* **Work item**
For the word "Music", report how many lines of the records below contain it, and nothing more.
++++++++++
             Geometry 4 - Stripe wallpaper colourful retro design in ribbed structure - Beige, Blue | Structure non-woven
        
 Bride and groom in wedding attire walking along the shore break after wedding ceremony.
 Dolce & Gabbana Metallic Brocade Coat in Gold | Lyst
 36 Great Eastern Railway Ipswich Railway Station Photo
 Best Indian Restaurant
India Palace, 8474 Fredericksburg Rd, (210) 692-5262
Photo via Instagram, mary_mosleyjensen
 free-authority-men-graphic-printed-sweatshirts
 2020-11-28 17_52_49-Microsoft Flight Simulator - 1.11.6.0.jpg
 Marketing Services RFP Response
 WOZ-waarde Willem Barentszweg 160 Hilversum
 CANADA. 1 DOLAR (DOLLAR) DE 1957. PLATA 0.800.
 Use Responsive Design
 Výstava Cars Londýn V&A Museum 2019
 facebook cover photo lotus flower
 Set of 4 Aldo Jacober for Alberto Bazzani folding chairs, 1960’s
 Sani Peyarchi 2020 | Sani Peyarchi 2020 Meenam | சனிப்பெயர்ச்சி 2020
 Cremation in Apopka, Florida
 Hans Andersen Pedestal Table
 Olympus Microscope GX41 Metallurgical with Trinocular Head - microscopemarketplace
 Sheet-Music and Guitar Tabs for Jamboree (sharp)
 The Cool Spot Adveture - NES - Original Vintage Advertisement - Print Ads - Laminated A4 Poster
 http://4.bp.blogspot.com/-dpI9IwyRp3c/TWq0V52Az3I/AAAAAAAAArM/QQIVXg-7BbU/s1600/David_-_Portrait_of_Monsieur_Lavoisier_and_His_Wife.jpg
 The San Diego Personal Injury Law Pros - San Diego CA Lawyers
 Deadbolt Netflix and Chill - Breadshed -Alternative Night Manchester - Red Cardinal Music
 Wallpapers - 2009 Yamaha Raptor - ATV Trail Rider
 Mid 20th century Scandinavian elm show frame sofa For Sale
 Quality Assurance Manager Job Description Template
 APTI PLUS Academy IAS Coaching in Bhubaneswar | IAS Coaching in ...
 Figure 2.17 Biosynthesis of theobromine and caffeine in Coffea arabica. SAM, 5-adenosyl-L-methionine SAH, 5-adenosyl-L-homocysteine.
++++++++++
* **Written response**
2